[Data to use]
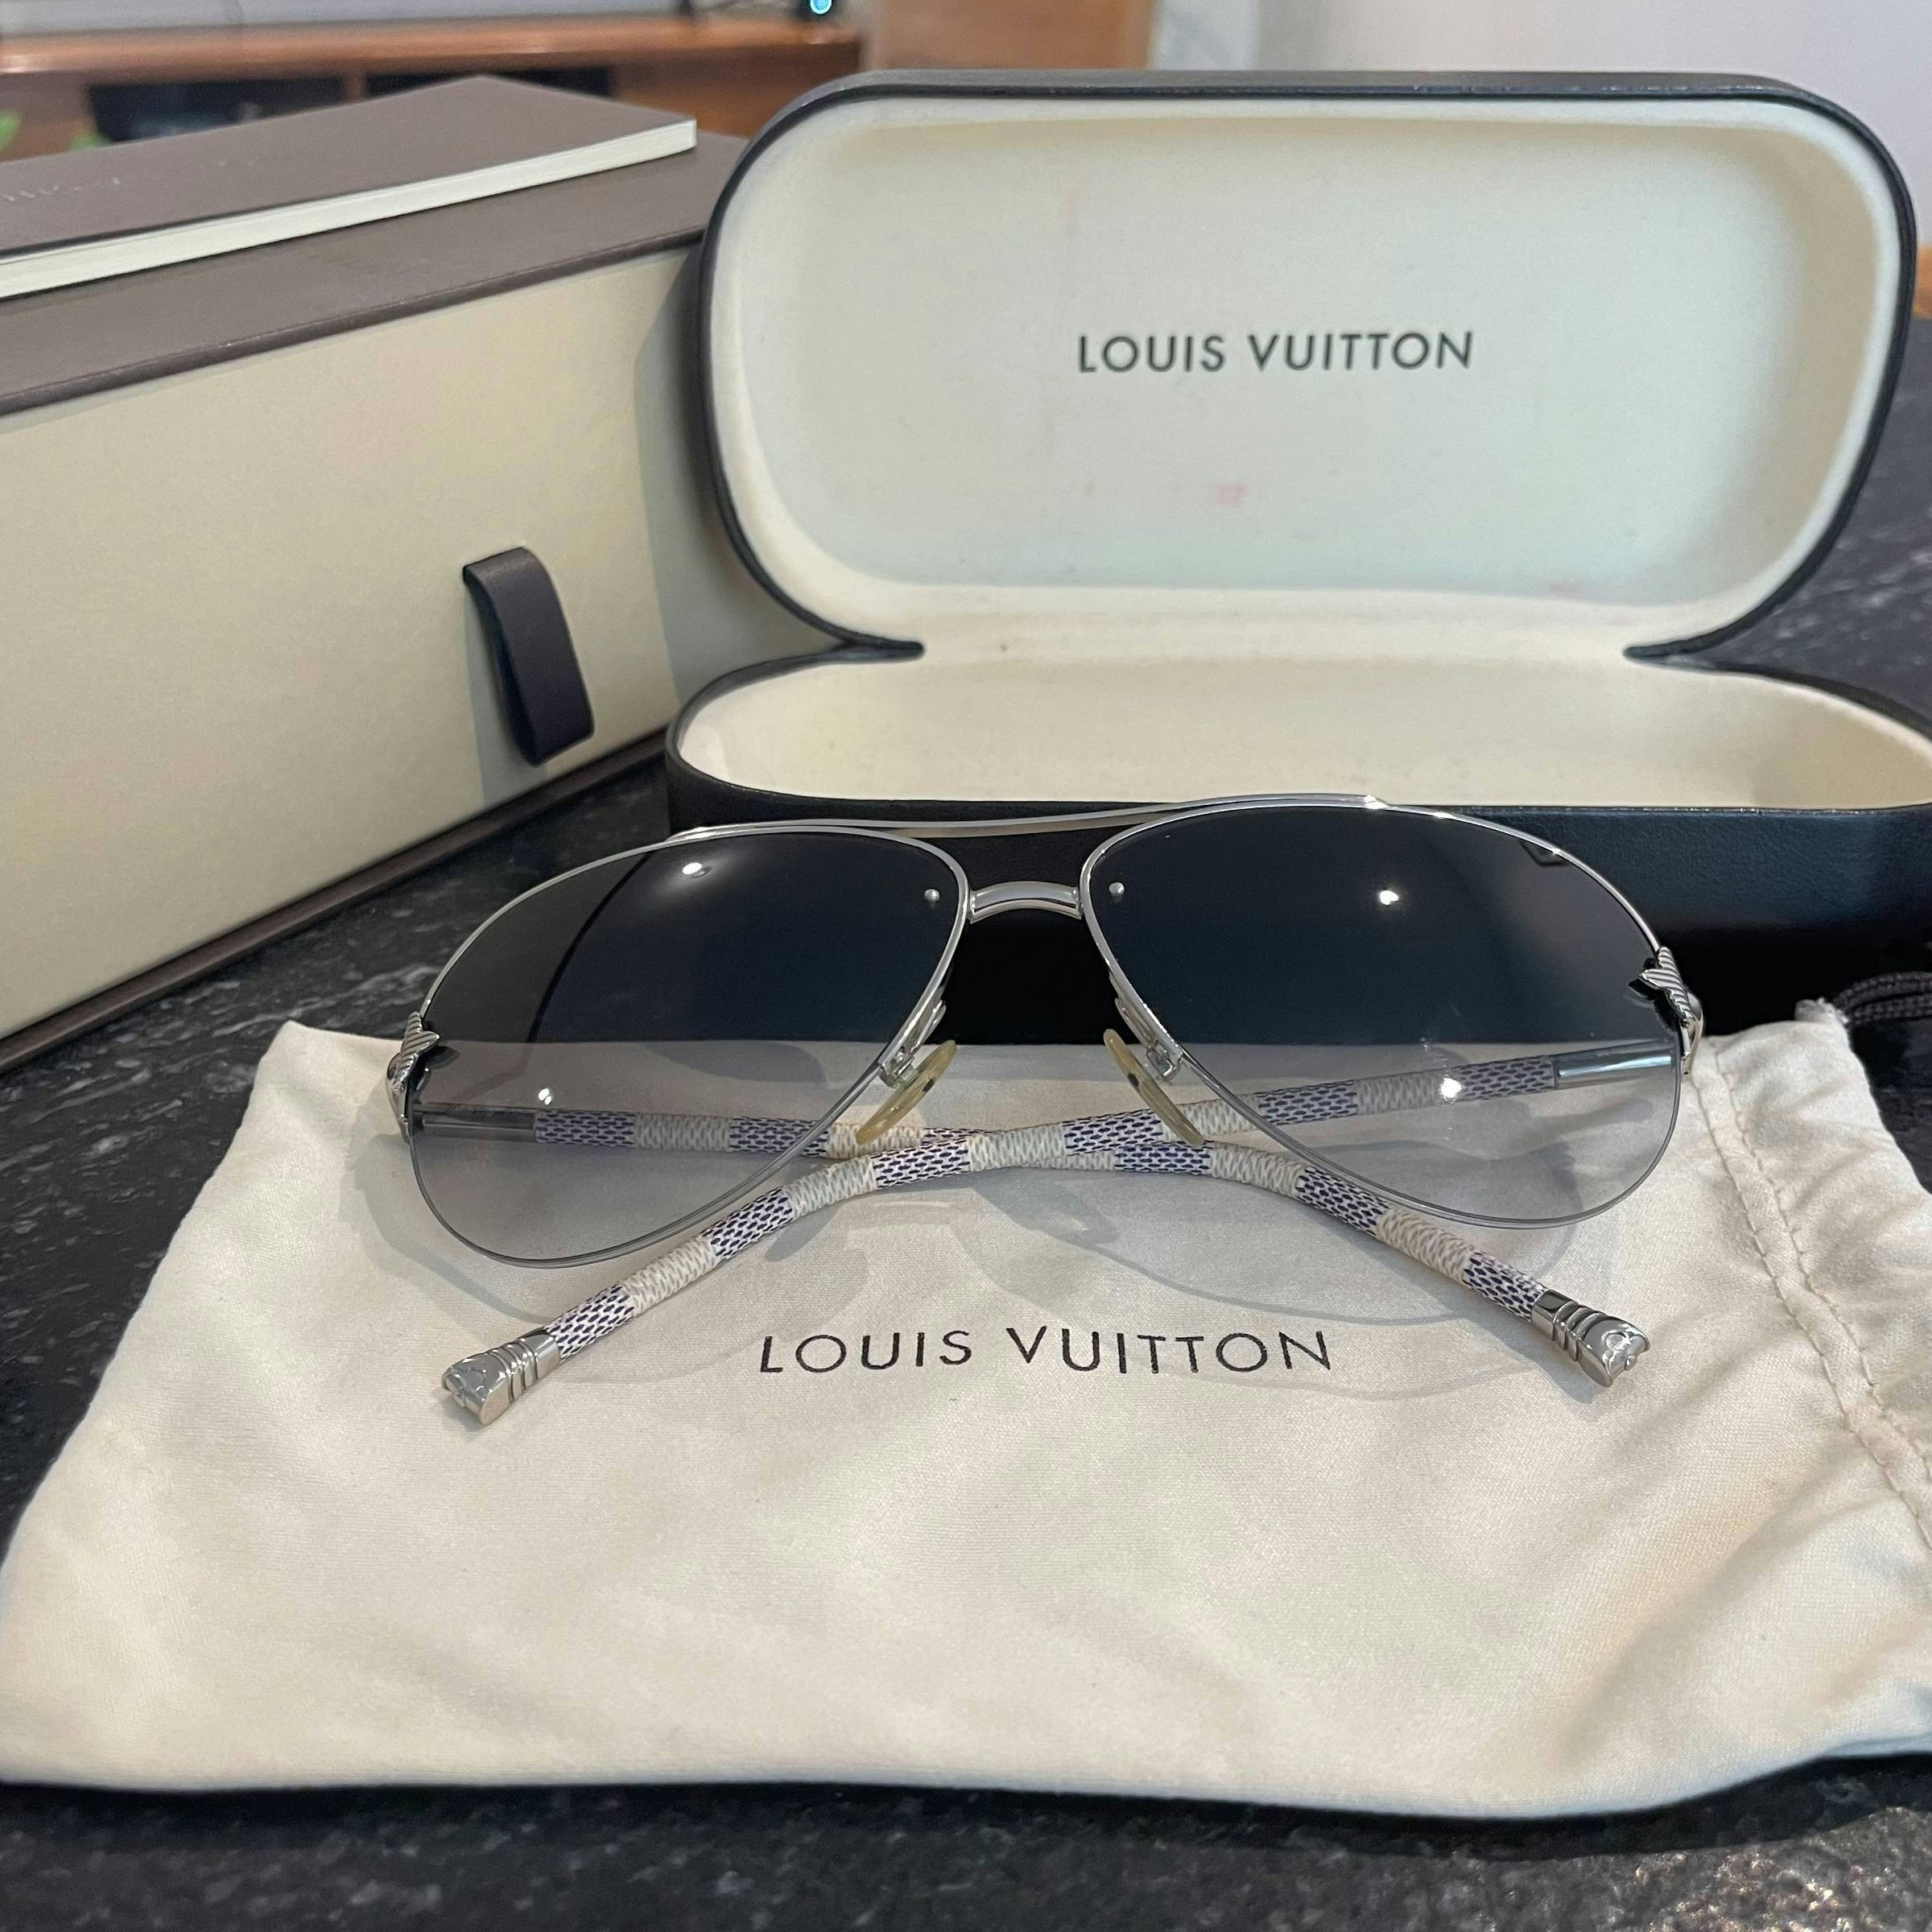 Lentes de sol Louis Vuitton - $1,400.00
[/Data to use]
[Data to use]
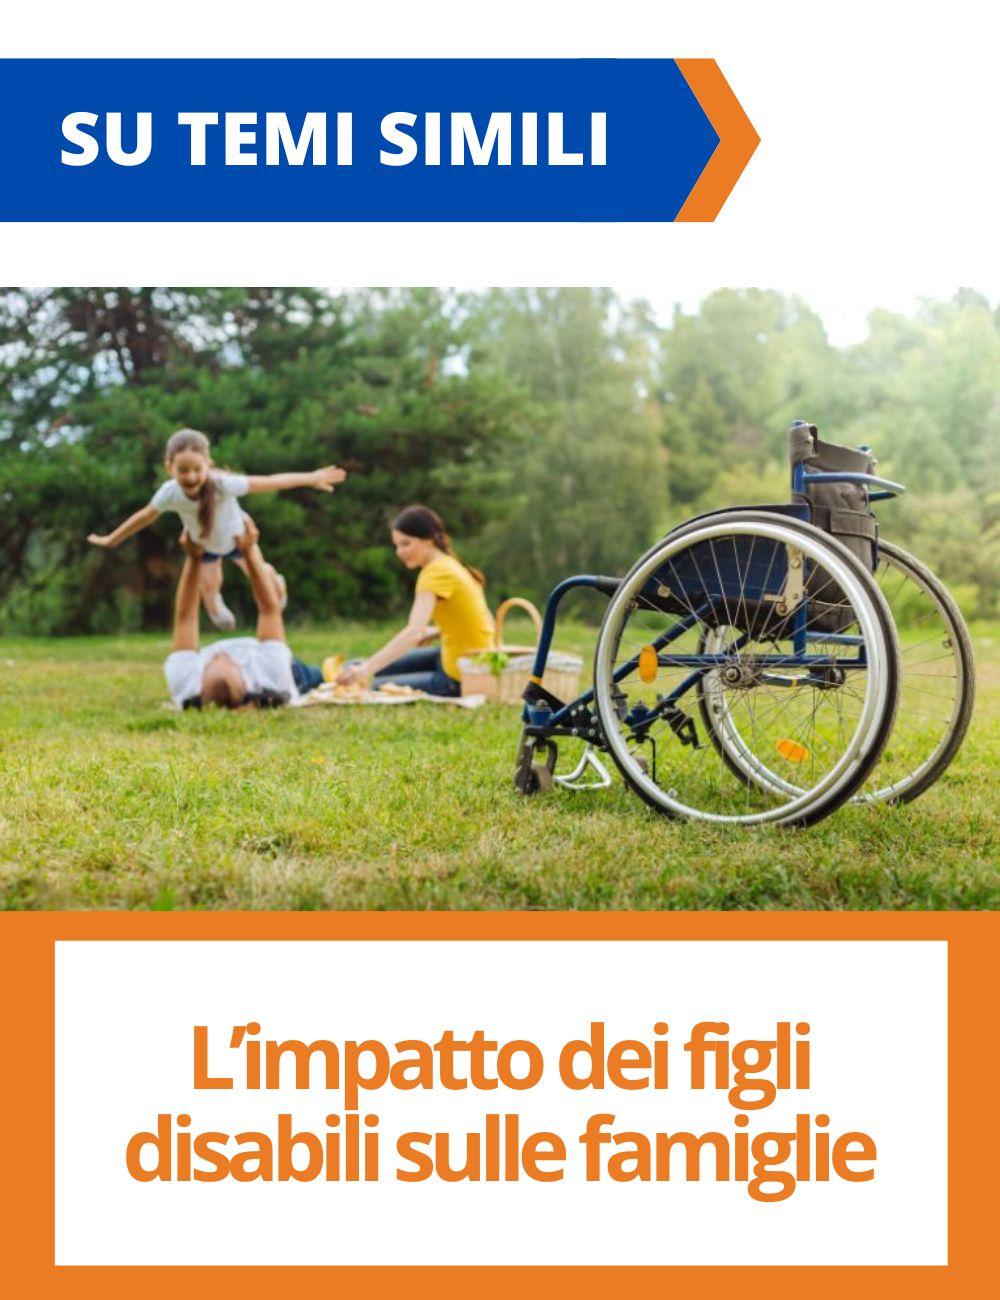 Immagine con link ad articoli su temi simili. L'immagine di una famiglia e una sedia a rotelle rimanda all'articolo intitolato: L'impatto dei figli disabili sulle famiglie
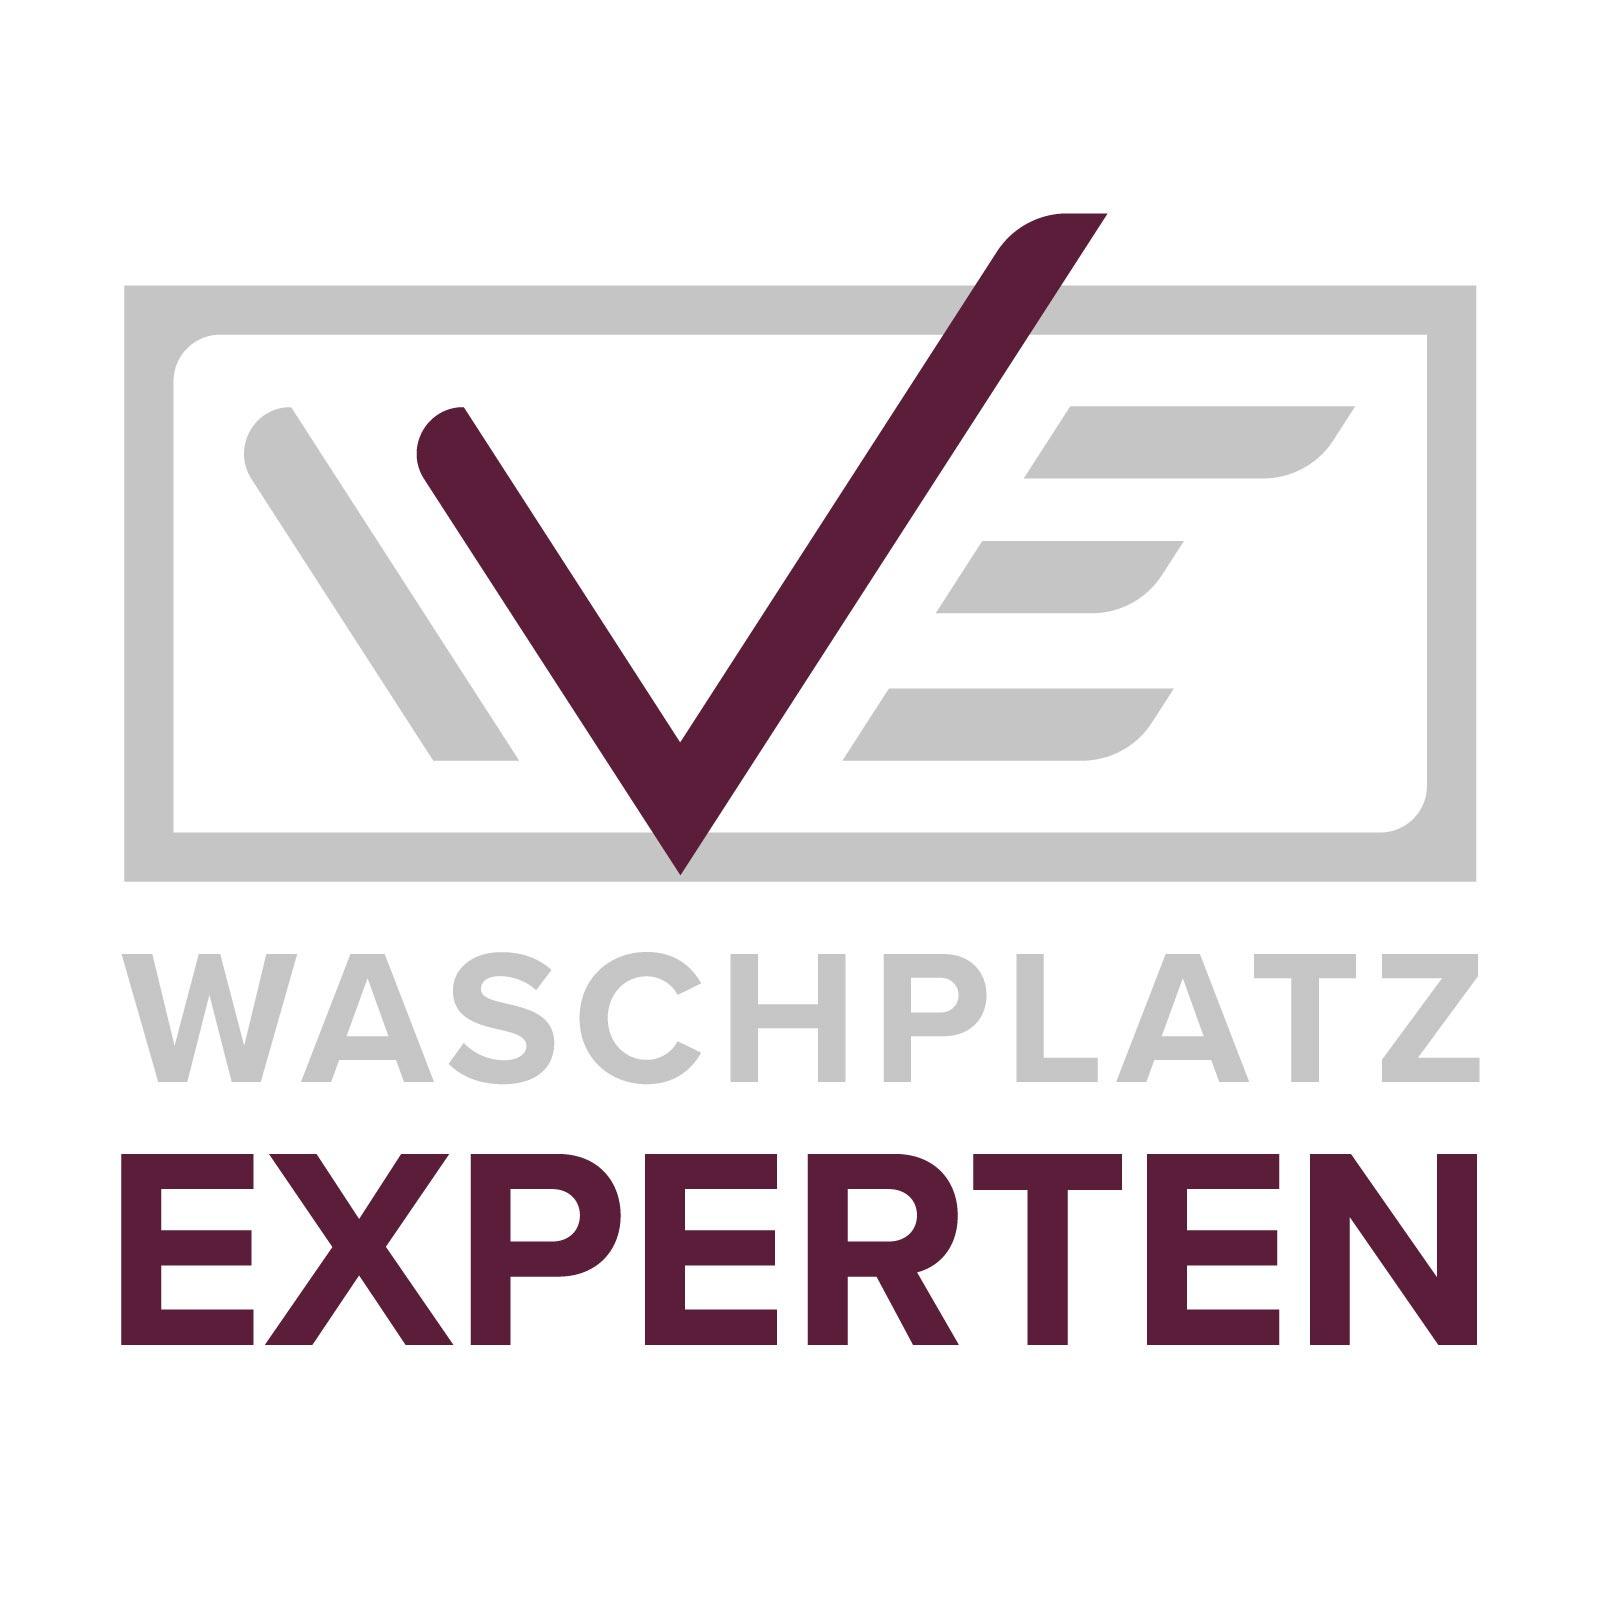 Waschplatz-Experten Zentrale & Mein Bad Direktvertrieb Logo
[/Data to use]
Exercise objective – In the entries above, every line from the line with "Immagine con link" to the line with "Waschplatz-Experten Zentrale &" is to be printed exactly, with both ends included and pictures excluded.

Your solution –
 Immagine con link ad articoli su temi simili. L'immagine di una famiglia e una sedia a rotelle rimanda all'articolo intitolato: L'impatto dei figli disabili sulle famiglie
 Waschplatz-Experten Zentrale & Mein Bad Direktvertrieb Logo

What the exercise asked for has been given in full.